El nuevo cine alemán trae buenos filmes como el thriller Der Räuber (The Robber), de Benjamin Heisenberg. Cuenta la desquiciada carrera de Johannes Rettenberger por llegar a una meta indefinida. Rettenberger (Andreas Lust), personaje basado en la vida real, tiene un talento excepcional tanto como corredor de maratón como robando bancos ( viejo hobbie que lo llevó a la cárcel por años), y usa sus dotes de atleta para huir a piernas sueltas, con máscara y maletín lleno. El director le agrega al personaje una única relación con la humanidad: una mujer llamada Erika (Franziska Weisz).

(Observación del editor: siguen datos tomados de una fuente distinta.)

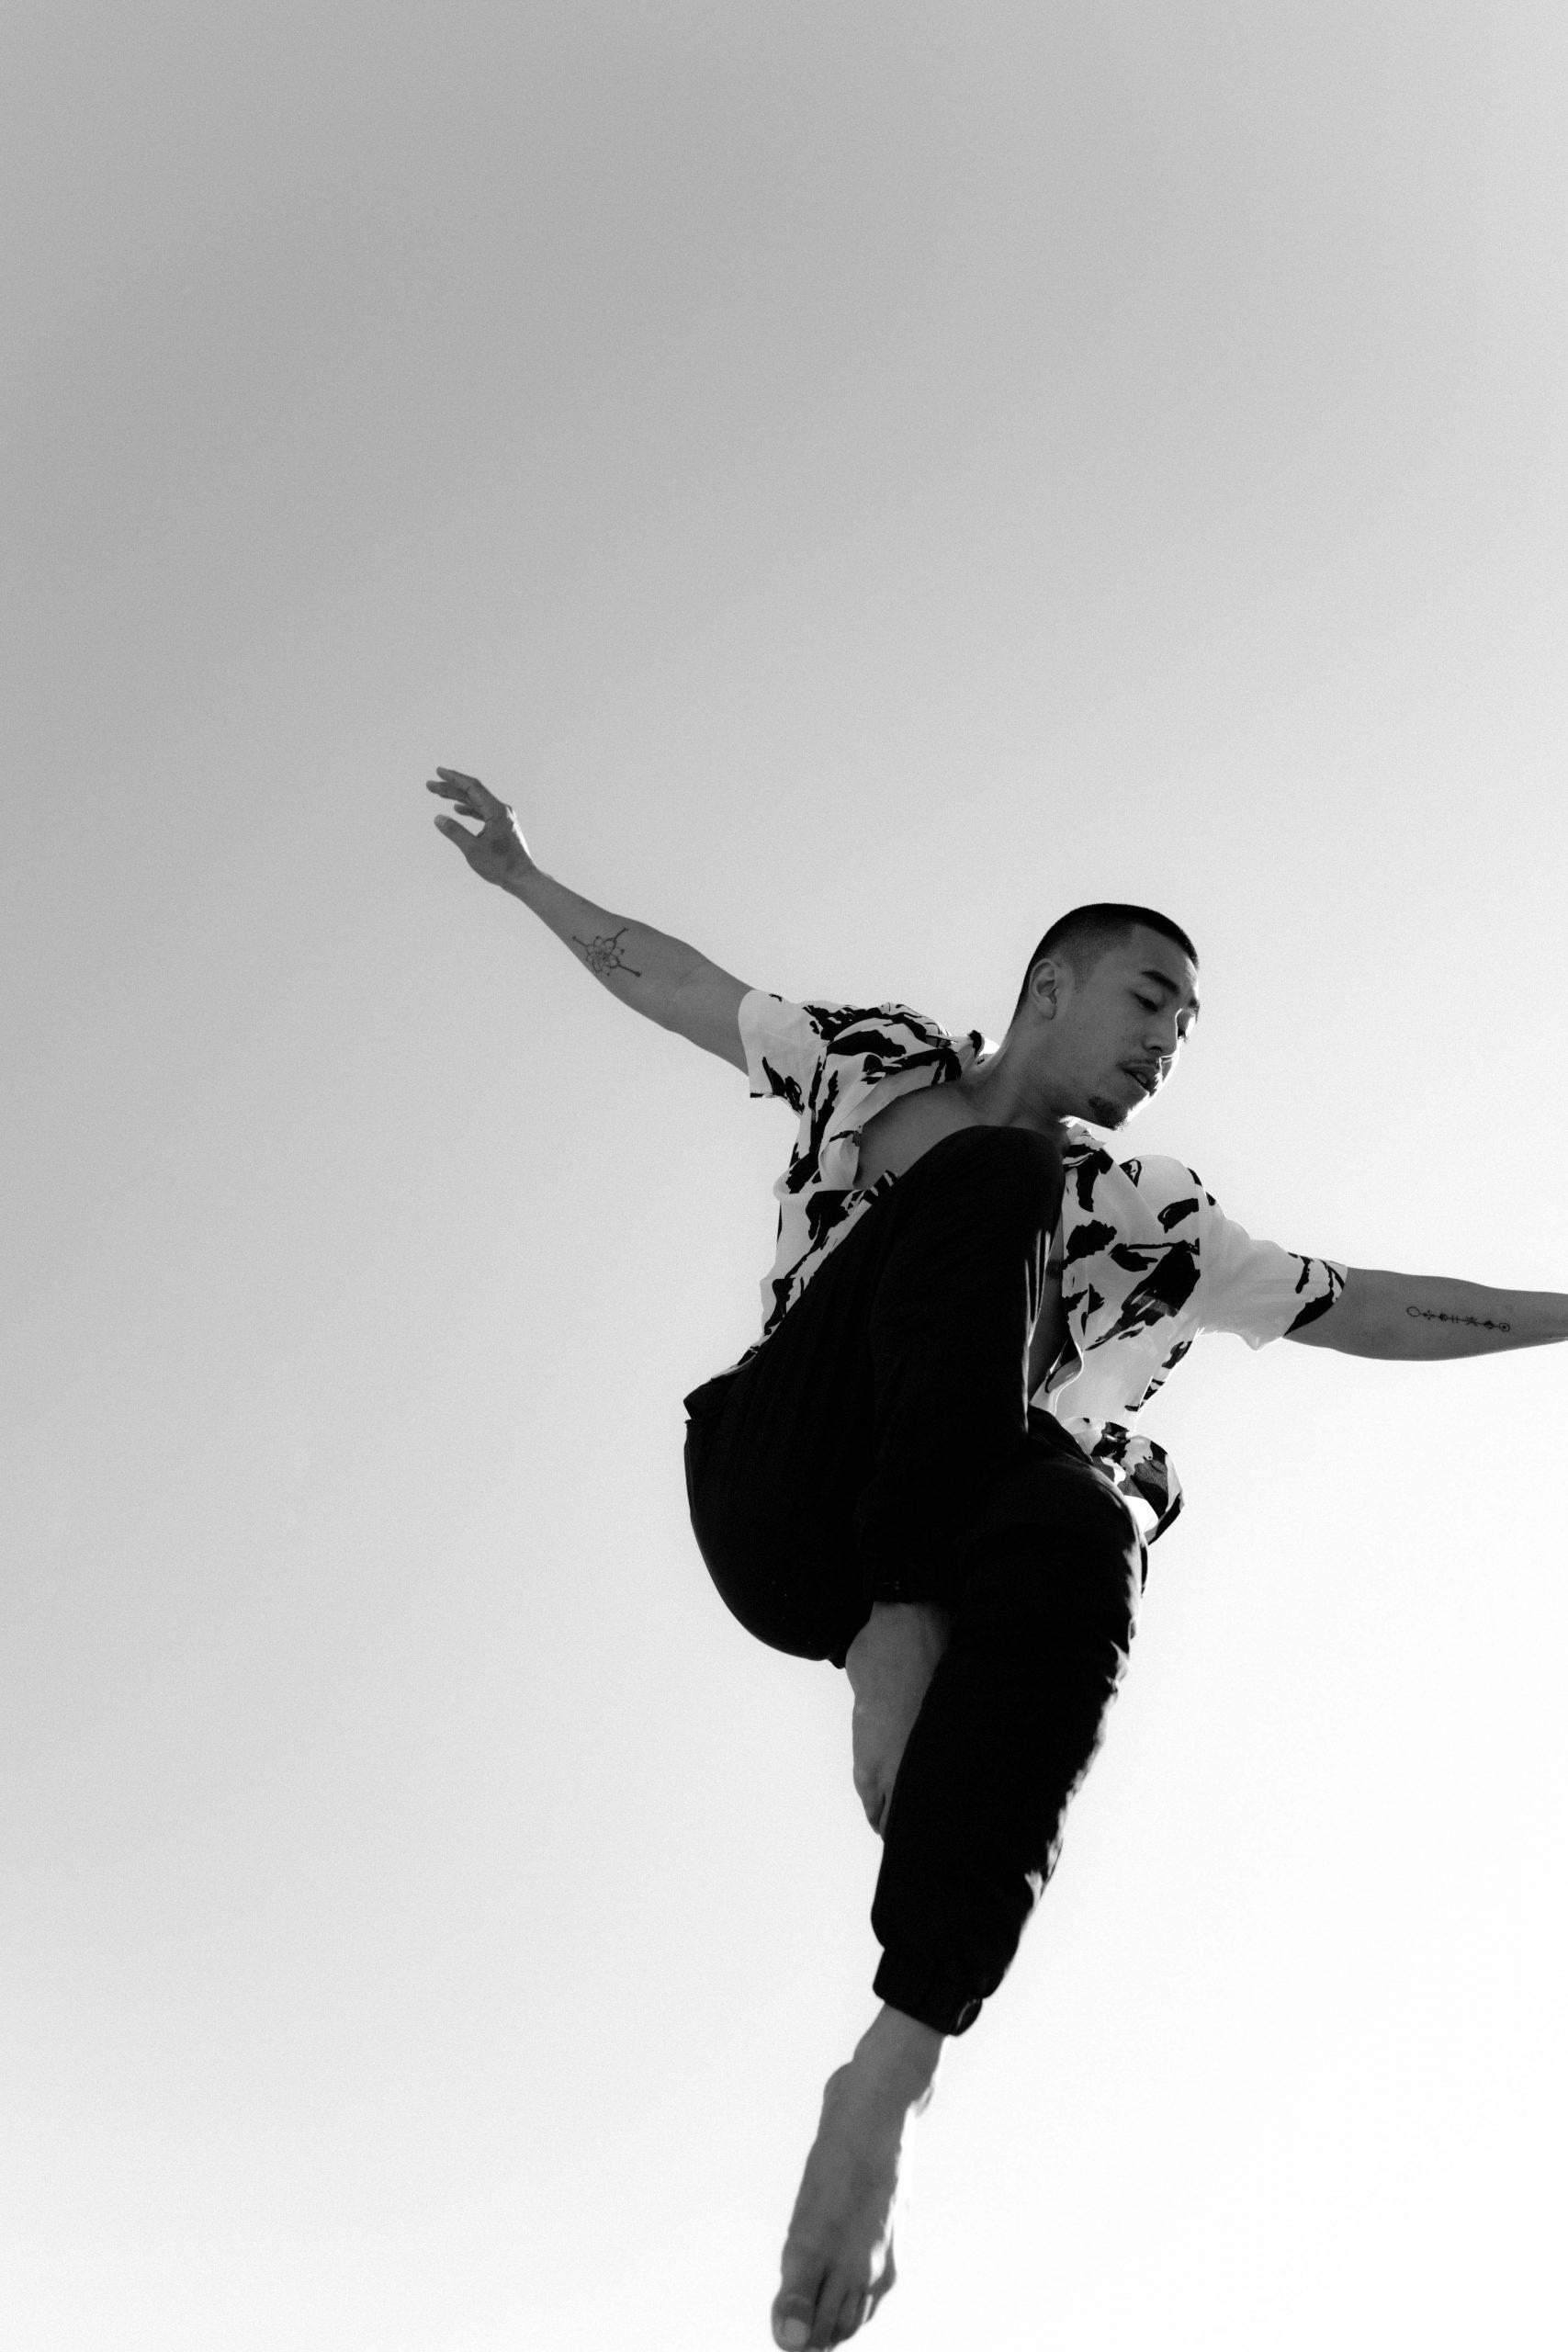 Danseur saut noir et blanc

Así pasa toda la película, en este combinado ejercicio de atracar y correr, sin que tengamos una clara idea del propósito de este personaje para quien el dinero no es realmente importante, como no sea una adrenalínica obsesión por transgredir las reglas sociales.
The Robber tiene secuencias magníficas como las persecuciones o el travelling de Rettenberger corriendo a campo traviesa, una notable banda sonora aunque corta, y un tempo a veces muy lento contrastando con la velocidad que caracteriza al personaje. Ganó premio al Mejor Guión en el Festival de Gijón, fue nominada al Oso de Oro, y lleva remake norteamericano para el 2012.